Sunday, November 7, 2010

Rooselvelt Field Mall

Infinite Jest, David Foster Wallace (II)


American writer Jonathan Franzen said in a recent interview that he likes to read stories to tell you things about himself, things he knows are true but had not yet been able to express. And that's why they feel much less alone reading a good book electronically connected to other people who react with a "like" your previous message. After reading this book I have to give any reason, Infinite Jest has been a compelling and absorbing read that has managed to provide companionship and comfort when he was a distinct lack of them.

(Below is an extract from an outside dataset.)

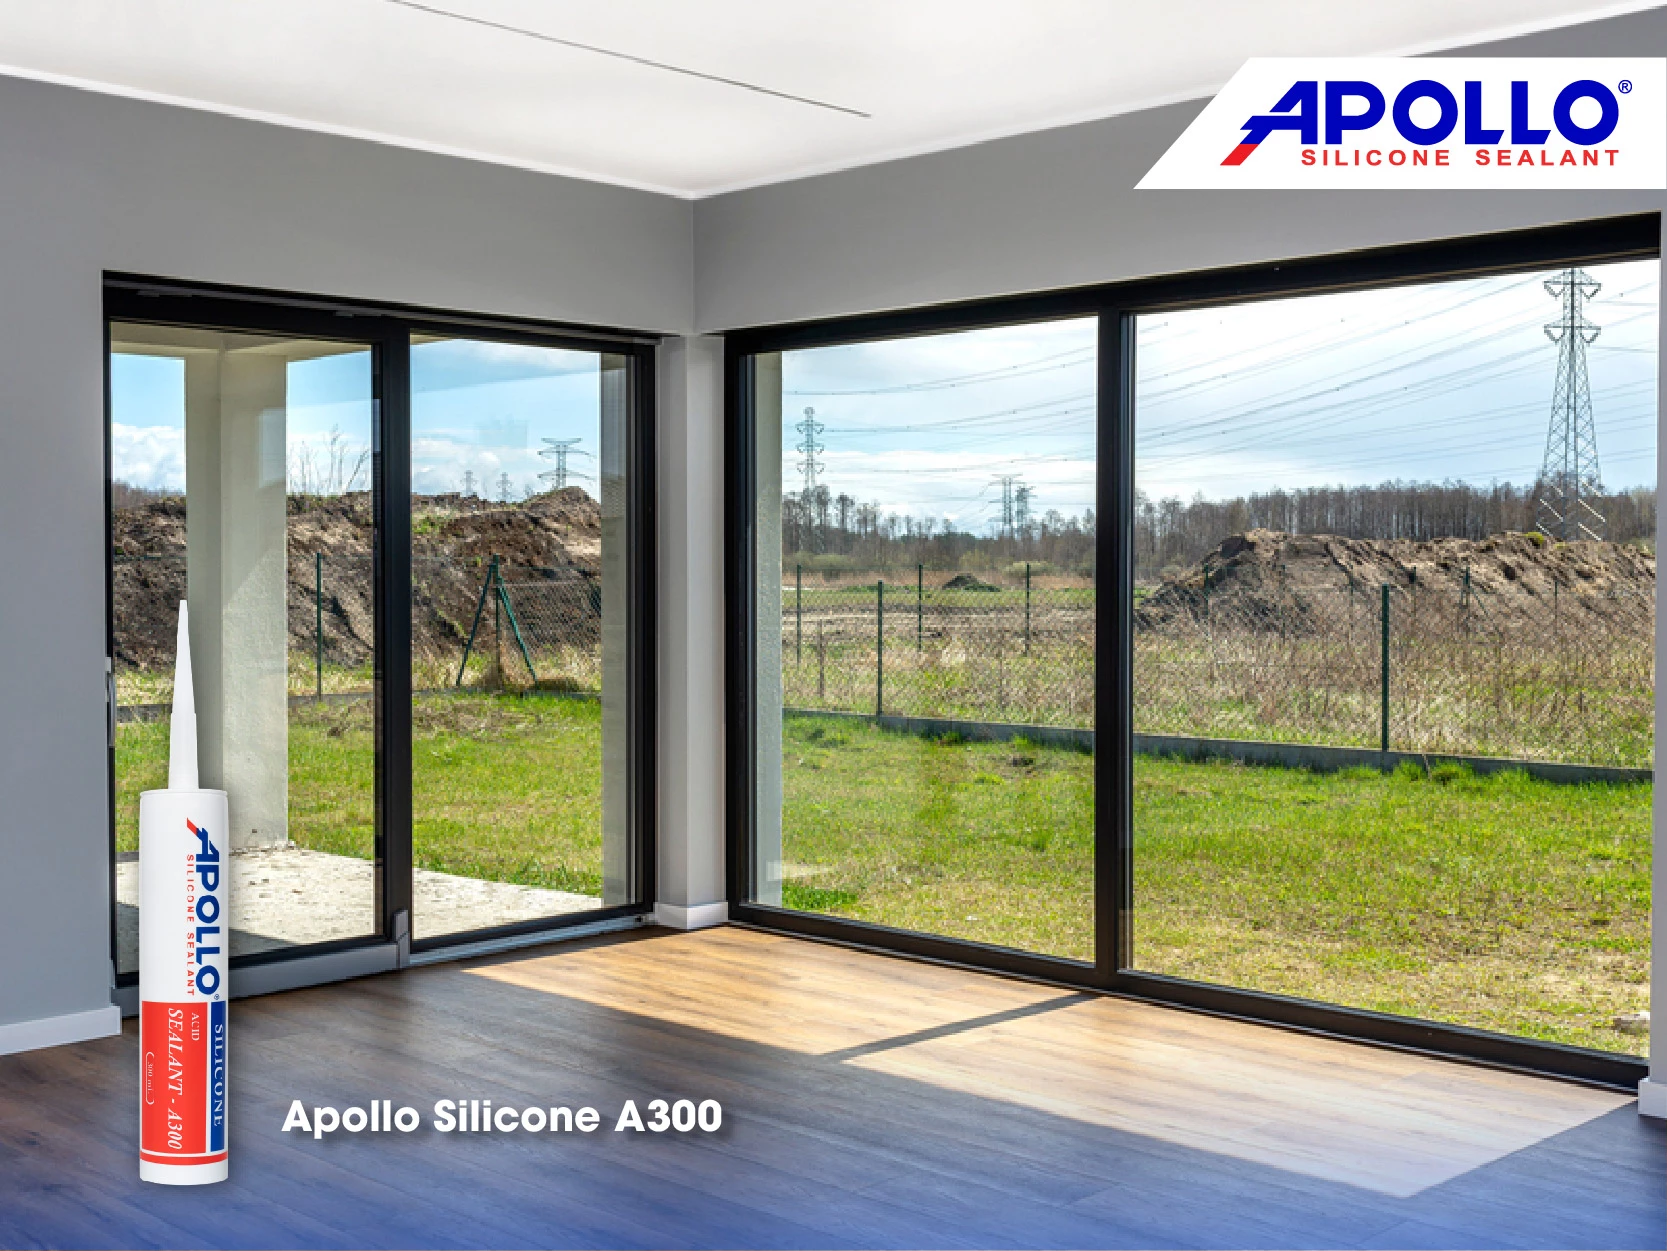 Apollo Silicone A300 - Vua keo kính là sản phẩm chuyên dùng cho cửa kính, cửa sổ được thợ thầy tin dùng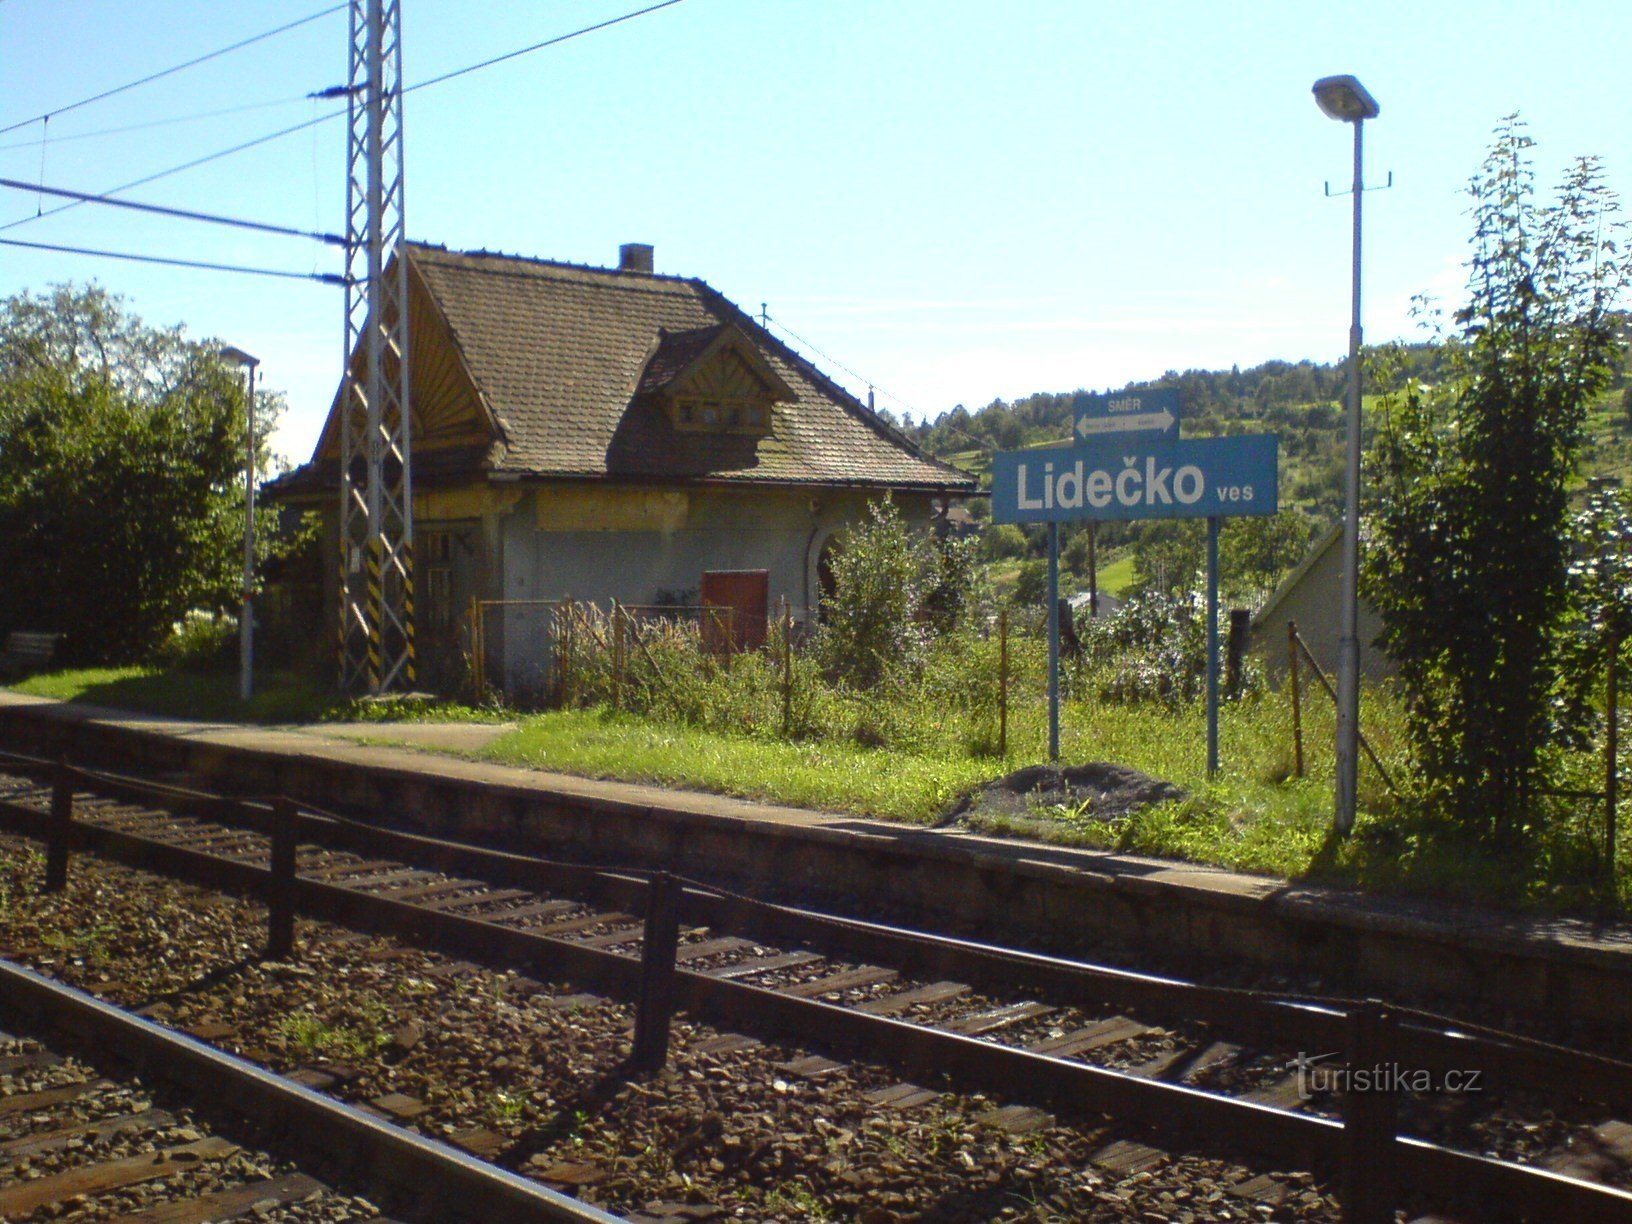 Lidečko selo - željeznička stanica

The joke that says the title is a rather macabre joke, the innate cruelty of any relationship between human beings is based primarily on to hurt others, either actively or through sheer laziness, with malice or with an excess of kindness , not to provide the care they need or drown in an excess of attention. Suffer if we are related and suffer if we are alone, and all the means we use to mitigate that suffering (alcohol, drugs, entertainment, sports, hobbies) will end up losing their power and placing us in a hell worse than the one they tried to flee . All this tells David Foster Wallace without bitterness, without moralizing, without a shred of self-pity: things are as are for everyone, and there is nothing to do with it. The author talks about the worst human misery with distance and detachment of one who has lived all their own meats and has lost all hope of redemption is not pessimism, is resigned to the inevitable.

Finally I managed to finish the book before the book ends with me. But it was just barely.

Friday, November 5, 2010

What Do The Numbers On Le Creuset Mean



For more lies accumulate, I always need one to make a truth.